The head of a computer science department is interested in estimating the proportion of students
entering the department who will choose the new computer engineering option. A preliminary sample
indicates that the proportion will be around 0.25. Therefore, what size sample should the department
head take if she wants to be 95% confident that the estimate is within 0.10 of the true proportion?
.......And what would be your answer to this question?
http://www.surveysystem.com/sscalc.htm#one
To the left, is a menu that will teach you.
To determine the sample size required for estimating a proportion with a desired level of confidence, you can use the formula for sample size calculation:
n = (Z^2 * p * q) / E^2
Where:
- n is the required sample size
- Z is the Z-score corresponding to the desired level of confidence (in this case, 95% confidence level)
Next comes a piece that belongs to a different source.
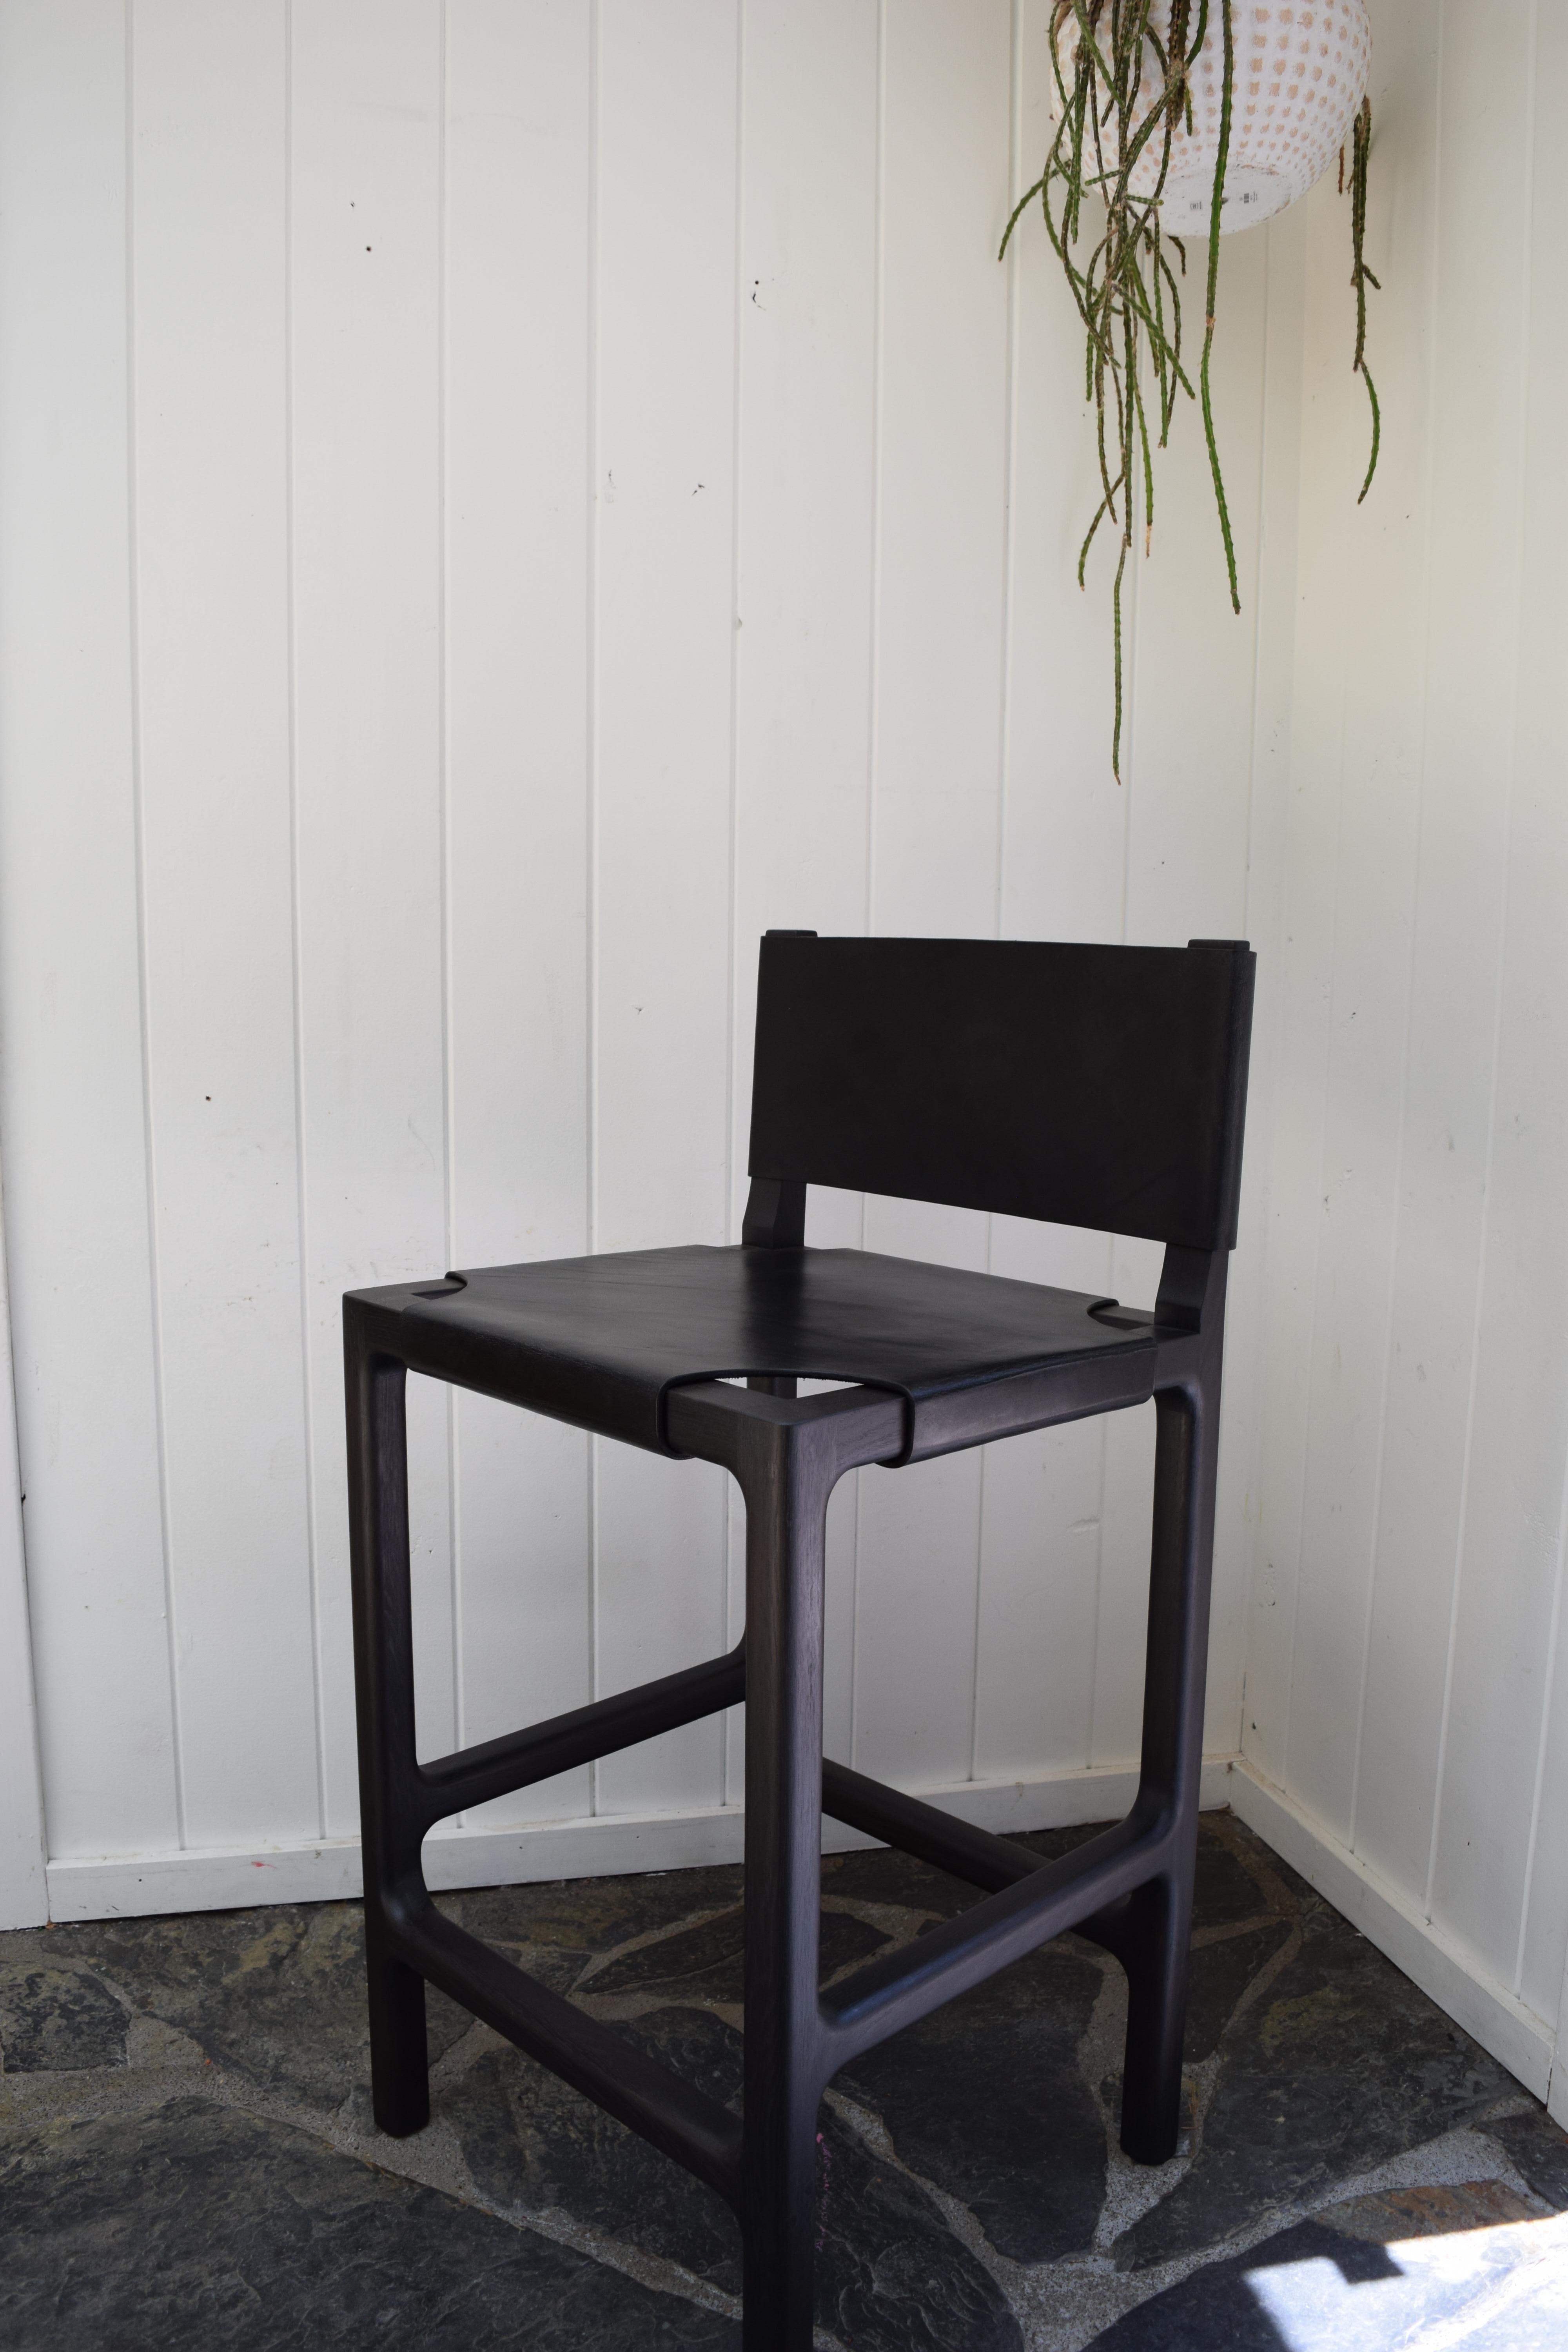 This is an ebonized counter stool with a stretched leather seat and back. The frame is solid oak with a gentle radius at the interior joints and softly rounded edges. The leather is 10 oz vegetable tanned leather that has been stretched across the

- p is the estimated proportion from the preliminary sample (0.25)
- q is the complement of the estimated proportion (1 - p)
- E is the desired margin of error (0.10)
First, we need to find the Z-score for a 95% confidence level. The Z-score can be obtained from a standard normal distribution table or by using a statistical software. For a 95% confidence level, the Z-score is approximately 1.96.
Next, we can substitute the values into the formula:
n = (1.96^2 * 0.25 * (1 - 0.25)) / 0.1^2
n = 3.8416 * 0.25 * 0.75 / 0.01
n = 0.7209 / 0.01
n ≈ 72.09
Since the sample size should be a whole number, we round up to the nearest integer:
n ≈ 73
Therefore, the department head should take a sample size of 73 in order to be 95% confident that the estimate is within 0.10 of the true proportion.